Musings on 1st Drafts and Editing

I have a Writer's Page on  Facebook, where I post whatever progress I made on my writing.  So the other day I looked at several of my recent entries where I talk about how much progress I was making.  I was counting how many words per day I had written and this sounded really good.  But when I went back to the novel itself it felt like I hadn't made a lot of progress after all.  This puzzled me exceedingly so I started to think about it.  As I did so my eyes focused on the novel in progress and I spotted several areas where I needed to fix a problem.  That's when I had a "Light Bulb Moment", I was editing while I was still creating the first draft.  Not a bad thing in and of itself, but I had been doing this almost constantly.  Each day I'd go back to see what I had done when I left off in order to recapture the mood and the moment and I wound up doing bunch of 'repairs' before moving on. 

Now don't get me wrong, it's important to make sure the story is working and making sense, but there is such a thing as overdoing it.  If you spend more time trying to edit and perfect your 1st draft you may never finish the bugger at all!  The more heavy editing should be reserved for your 2nd, 3rd and further drafts.  We must never forget that in order to have a story you have to finish it at least once. This is where I've been having problems with my 2nd novel.  I know where I want it to go but I still have to get the characters and the action to that point at the finish.

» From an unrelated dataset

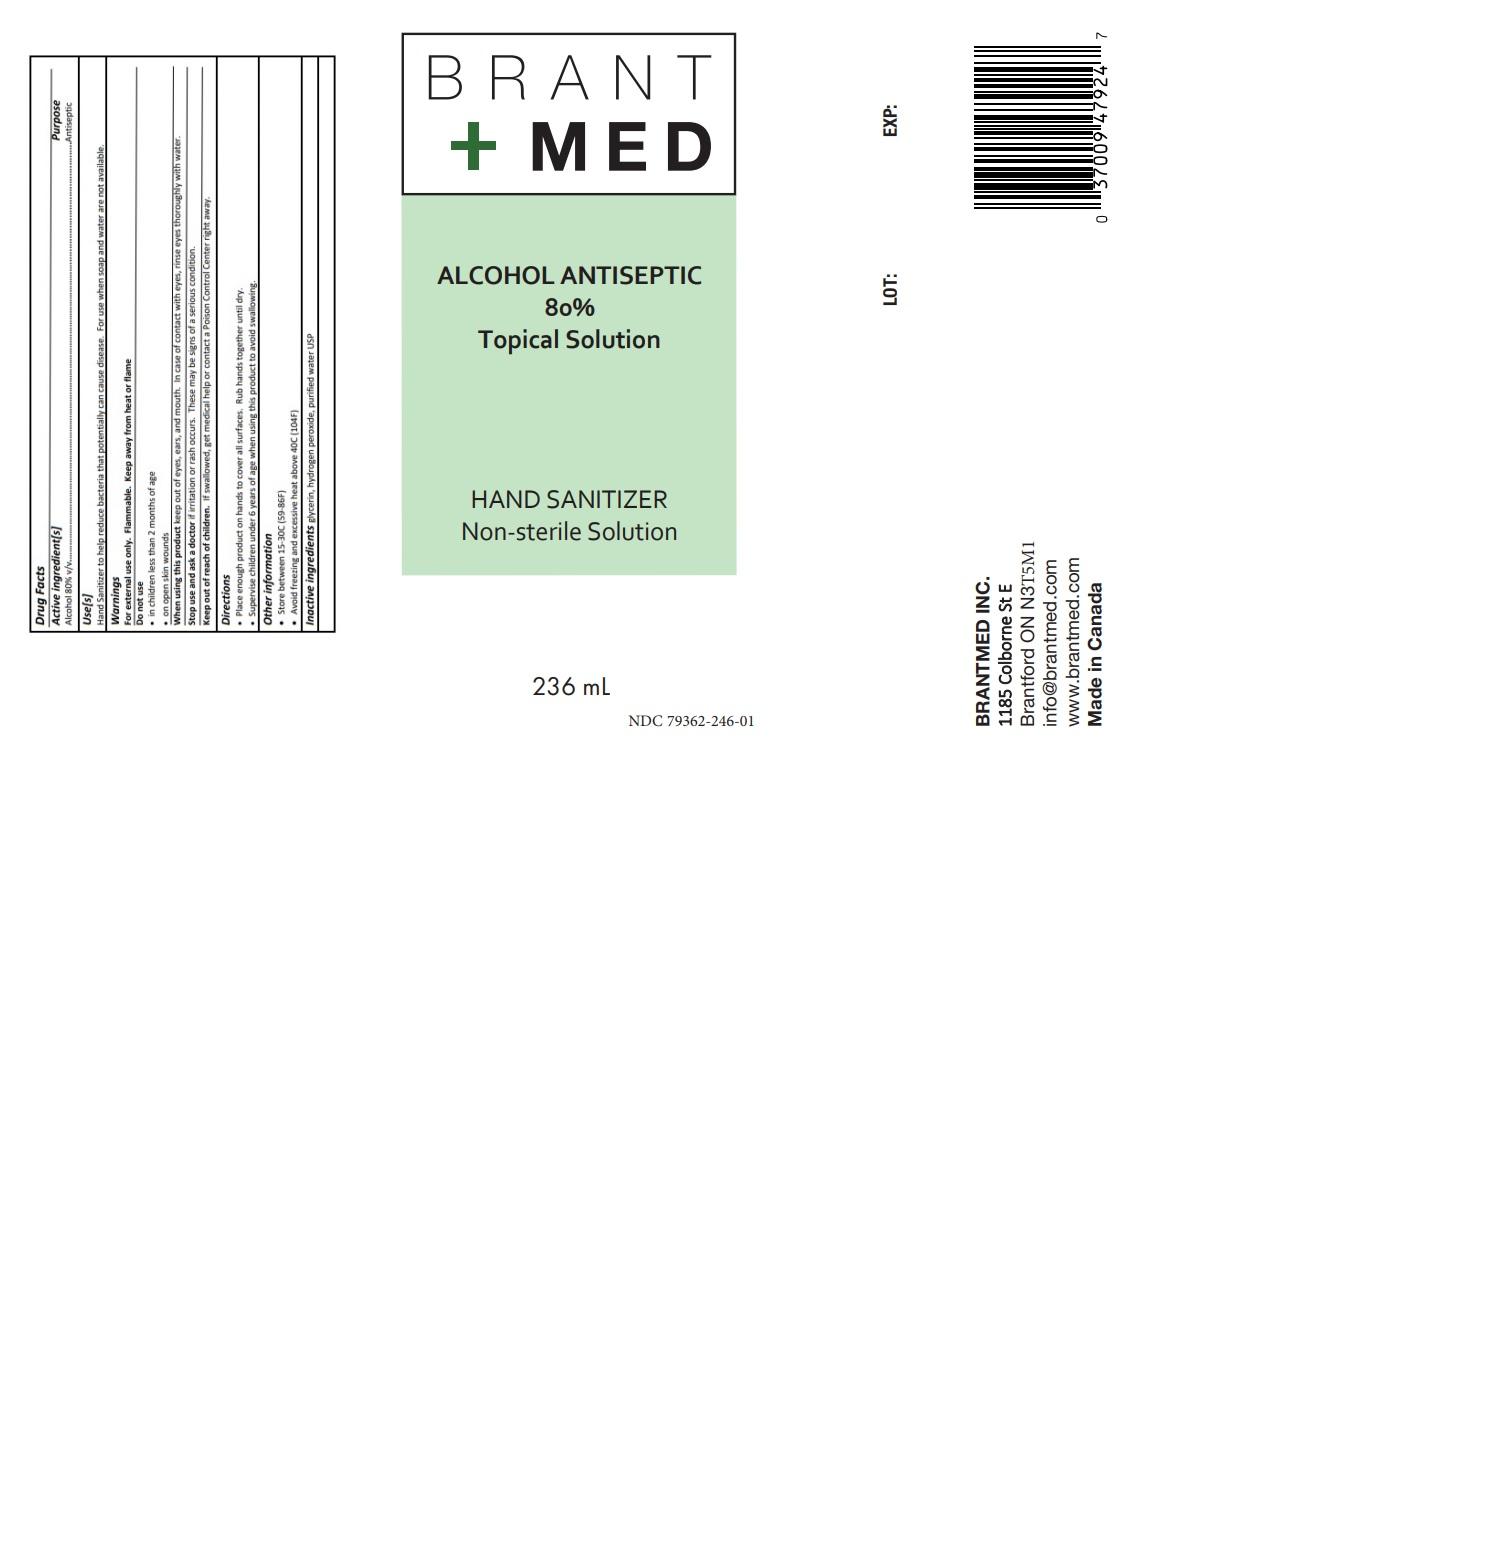 236 ml label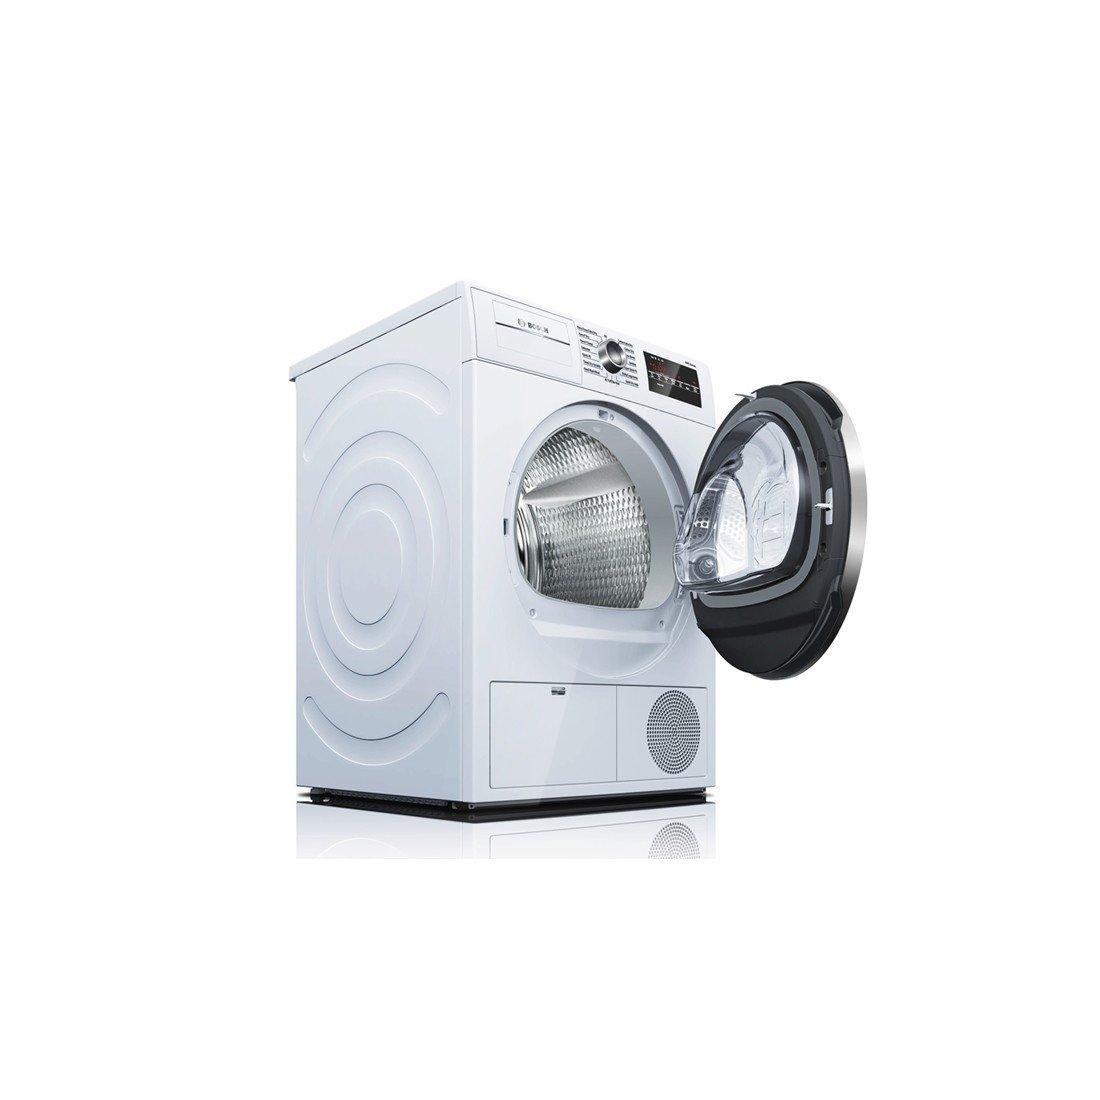 Amazon.com: Bosch WTG86402UC800 4.0 Cu. Ft. White Stackable Electric Dryer  - Energy Star: Appliances

I'll be the first to admit that a certain amount of editing is needed even while making the 1st draft of your novel  to keep you from going totally NUTS when you do the revisions and rewrites.  If I had used a little more restraint like this on my first novel "The Bridge", I wouldn't have wound up with a 1st draft that was 198,000 word long.  I did 8 more drafts to cut it down to 99,000 words in the end.  Entire scenes were cut or reduced to keep it under 100,000 words (a size preferred by most agents and publishers who are dealing with a brand new author who has never been published before).  Believe me, there were times I thought I'd never find a way to make the shorter version work, but I did.

So now I'm on novels 2 and 3.  I am keeping an eye on my word count to keep it no more than 140,000 words.  Much easier to cut down to size when the time comes.  And it certainly beats sobbing in the corner screaming "I CAN'T DO THIS, IT'S TOO HARD!". 

So doing some editing as you write your 1st draft is fine.  But don't let it get in the way of you finishing the story.  You would not believe the number of friends who've told me "Oh I've been working on a story for a couple of years, but I just never seem to get it finished.  I work on it and work on it but I just never get to the end..."  Sound familiar? Of course the 1st draft isn't going to be exactly what you had planned, that is what revisions and rewrites are for.  And keep in mind that even after you get your the final draft finished, an agent or publisher is going to ask for changes or make suggestions before it ever sees print.  So finish the story at least once.  The final product will be spit and polished in due time, but you got to have at least one completed draft to give it a place to start.